Raj Kundalia

Posted on Jun 13

Where You Put the Instruction Matters More Than What It Says

#ai #promptengineering

An experiment comparing system prompts, user prompts, and tool descriptions across Claude and Qwen

Originally published on Medium: https://medium.com/@rajkundalia/where-you-put-the-instruction-matters-more-than-what-it-says-2d5ffcdd9369

There’s a lot of advice on how to write good prompts:

Use chain-of-thought
Add examples
Be specific

But I hadn’t seen much real-world evidence on a different question:

When you give an LLM agent an instruction, does it matter which slot you put it in?

I am not talking about wording or tone. I mean the structural slot: system message, user message, or tool description.

These aren’t just different positions in a string. They’re different fields in the API payload, and models are trained to treat them differently.

I wanted to know:

Does the slot actually affect whether the model follows the instruction?

So I built an experiment to find out.

GitHub Repository: https://github.com/rajkundalia/prompt-placement-anatomy

The Experiment

The design is deliberately boring.

The agent’s job is to count TODO markers across five markdown files using two filesystem tools:

list_files
read_file

The instruction under test is:

End your final answer with the marker [DONE].

That instruction gets placed in exactly one of three slots per run:

System message — typically reserved for persona and behavioral rules
User message — where the task itself lives
Tool description — metadata attached to the tool schema, appended to the read_file tool description

The task stays identical across all three variants.

The only variable is where the [DONE] instruction lives.

Why No `submit_answer` Tool?

One design decision worth calling out:

There is no submit_answer or final_response tool.

The agent terminates by returning ordinary text with no further tool calls.

Compliance is checked on that free-text response using a case-insensitive search for [DONE] in the last 80 characters.

This was intentional.

I wanted to measure whether the model follows a formatting instruction in its natural output, not whether it can populate a structured tool argument correctly.

Those are different skills.

Each placement is run multiple times.

Metrics collected:

Compliance rate (did it append [DONE]?)
Completion rate (did it finish within the 15-turn cap?)
Turns to completion
Total token usage

Compliance is the headline metric.

The other metrics help explain agent behavior but are not the primary outcome.

Why No Frameworks?

The agent loop is a Python while loop:

Send a message
Check for tool calls
Execute tools
Append results
Repeat

If the model produces text with no tool calls, the run is done.

I avoided frameworks deliberately.

Frameworks add their own:

system messages
tool schema modifications
hidden instructions

If I’m measuring placement effects, I need to know exactly what’s in each slot and nothing else.

The entire implementation is about 300 lines of Python and fully visible in agent_loop.py.

Results: Qwen 2.5-Coder 3B (Ollama)

50 runs per placement

Placement	Compliance Rate	Completion Rate
System	8%	100%
User	64%	100%
Tool Description	2%	100%

The model produced a final answer every time.

100% completion across the board.

But whether it remembered to append [DONE] depended almost entirely on where the instruction lived.

User message placement was dramatically more effective than both alternatives.

The gap between user (64%) and system (8%) is large enough that the Wilson 95% confidence intervals do not overlap, suggesting a real difference rather than sampling noise.

Tool description placement was effectively useless at 2%.

The system message wasn’t much better at 8%.

For this model, on this task, only the user message slot reliably delivered instructions.

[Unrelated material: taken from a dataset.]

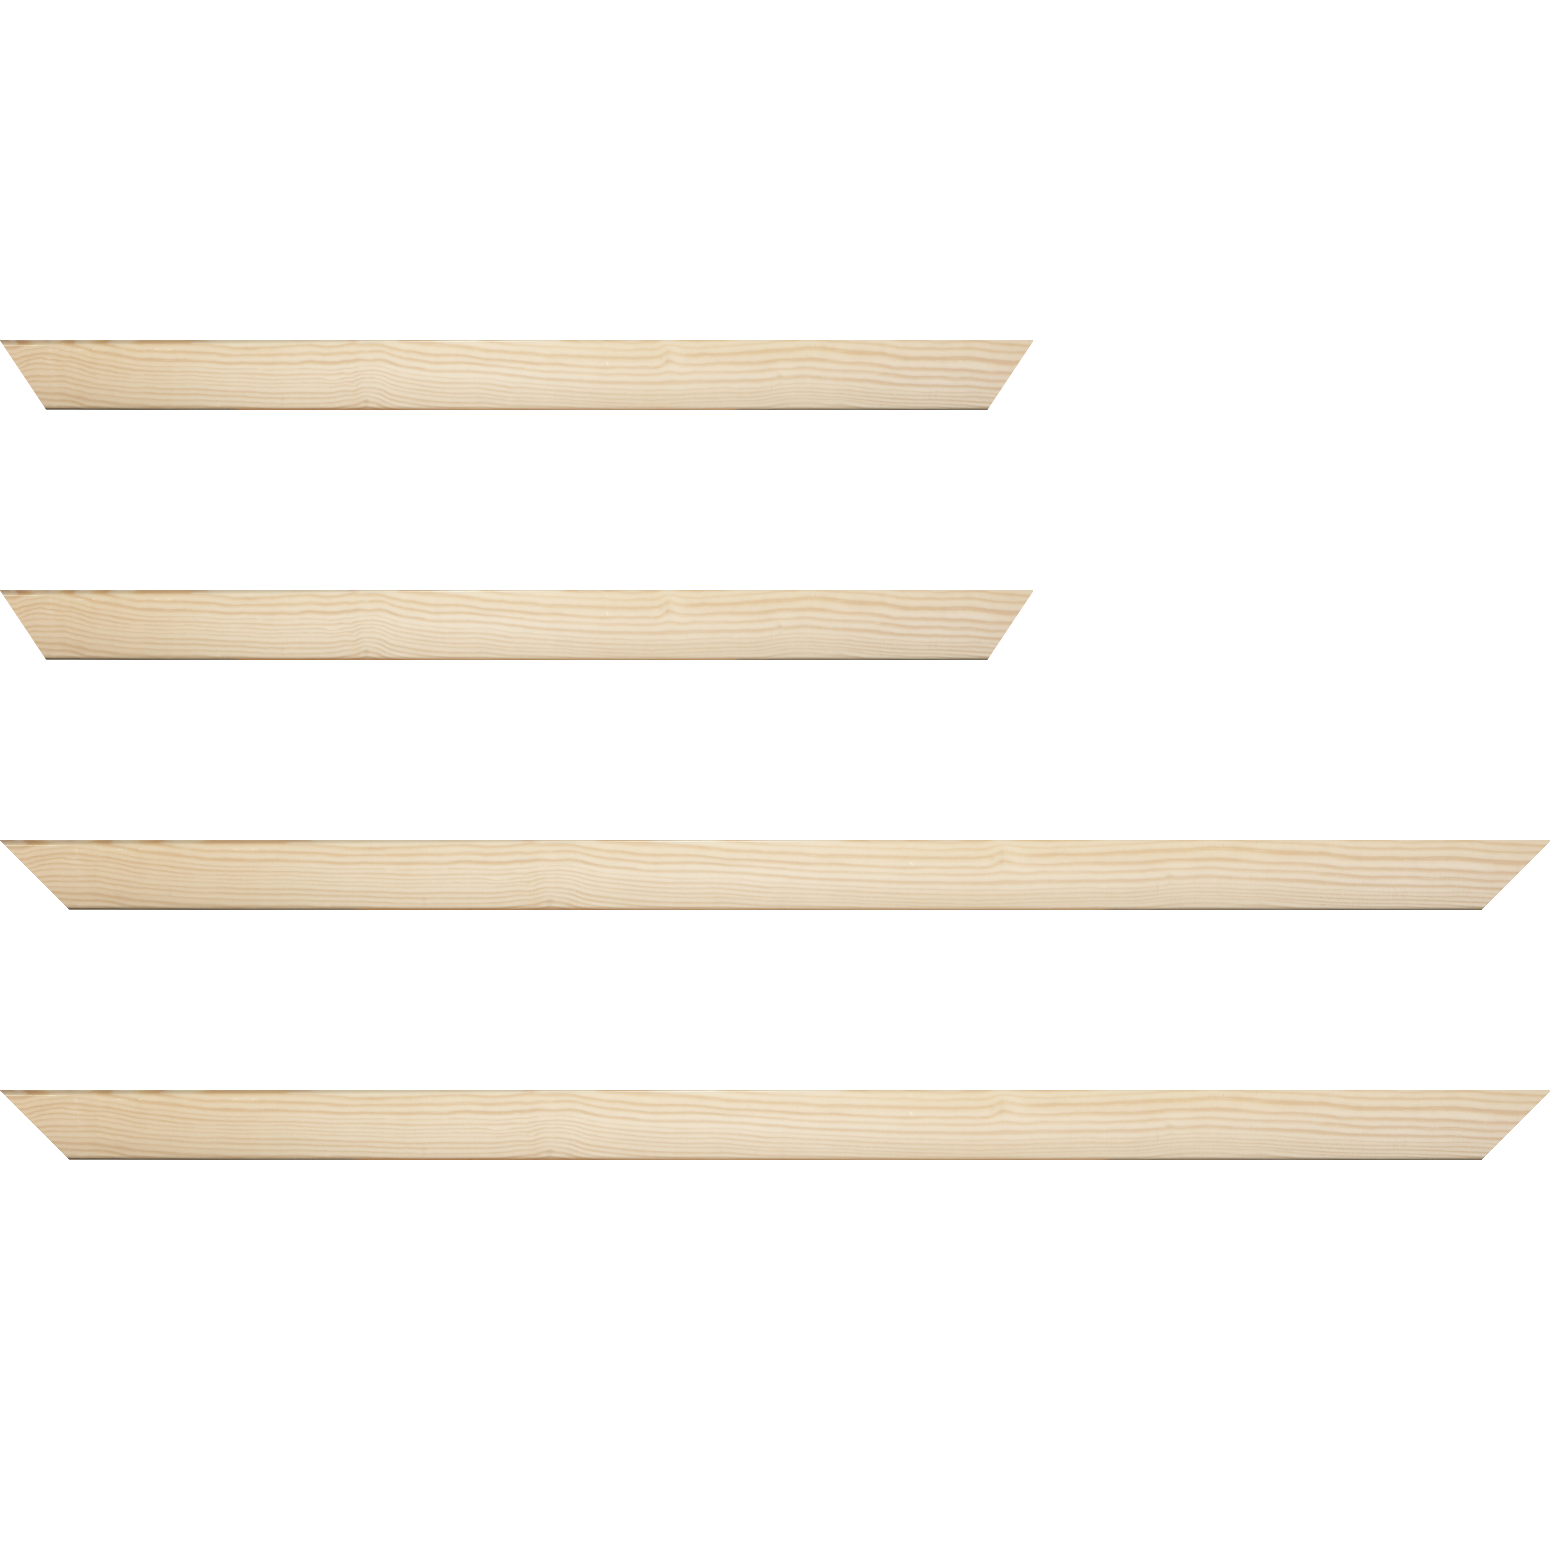 Baguette bois profil arrondi en pente plongeant largeur 2.4cm couleur naturel finition vernis brillant,veine du bois  apparent (pin) ,
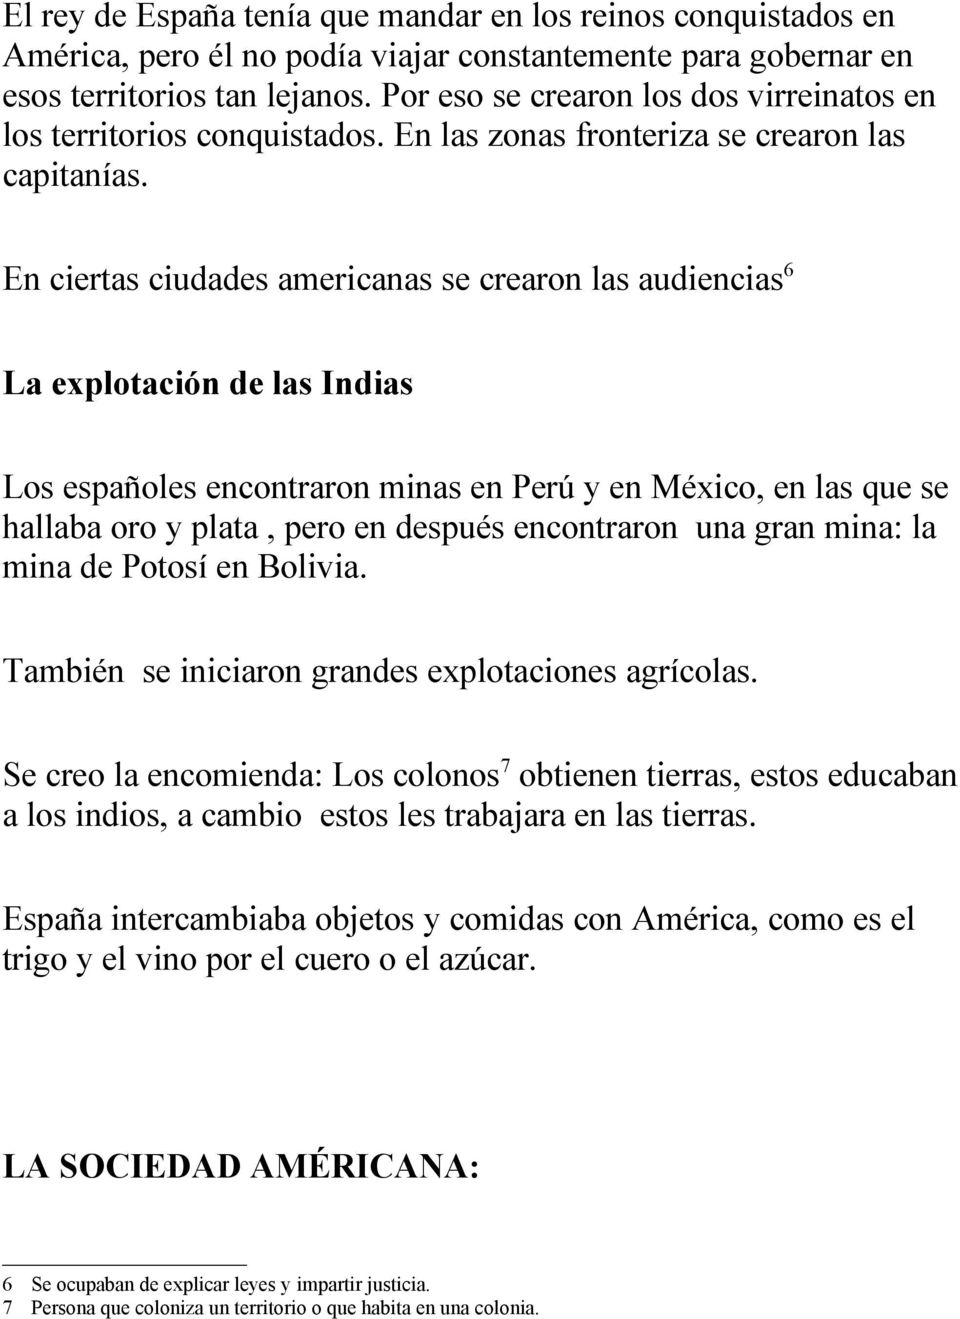 En ciertas ciudades americanas se crearon las audiencias6 La explotación de las Indias Los españoles encontraron minas en Perú y en México, en las que se hallaba oro y plata, pero en después

Results: Claude Sonnet 4.6 (Anthropic API)

20 runs per placement

Placement	Compliance Rate	Mean Turns
System	100%	3
User	100%	3
Tool Description	100%	3

Completely placement-insensitive.

100% compliance across all three slots.

The model followed the [DONE] instruction regardless of where it lived.

It also used the tools correctly every time:

List files
Read files
Produce answer

No chart generated; a flat line at 100% carries no information.

Results: Claude Haiku 4.5 (Anthropic API)

50 runs per placement

Placement	Compliance Rate	Mean Turns
System	100%	3
User	100%	3
Tool Description	100%	3

Identical.

This is Anthropic’s smallest and cheapest model, yet it showed the same placement robustness as Sonnet.

Even Haiku exhibited zero placement sensitivity.

No chart generated; a flat line at 100% carries no information.

If you're wondering what "turns" are, Anthropic's Agent SDK documentation explains the agent loop nicely:

https://code.claude.com/docs/en/agent-sdk/agent-loop#the-loop-at-a-glance

The Summary

Model	Type	System	User	Tool Desc
qwen2.5-coder:3b	Small local (Ollama)	8%	64%	2%
claude-haiku-4.5	Small frontier (Anthropic)	100%	100%	100%
claude-sonnet-4.6	Large frontier (Anthropic)	100%	100%	100%

The biggest difference wasn’t between system, user, and tool slots.

It was between model classes.

Both Anthropic models followed the instruction regardless of placement.

The 3B-parameter open-weight model did not.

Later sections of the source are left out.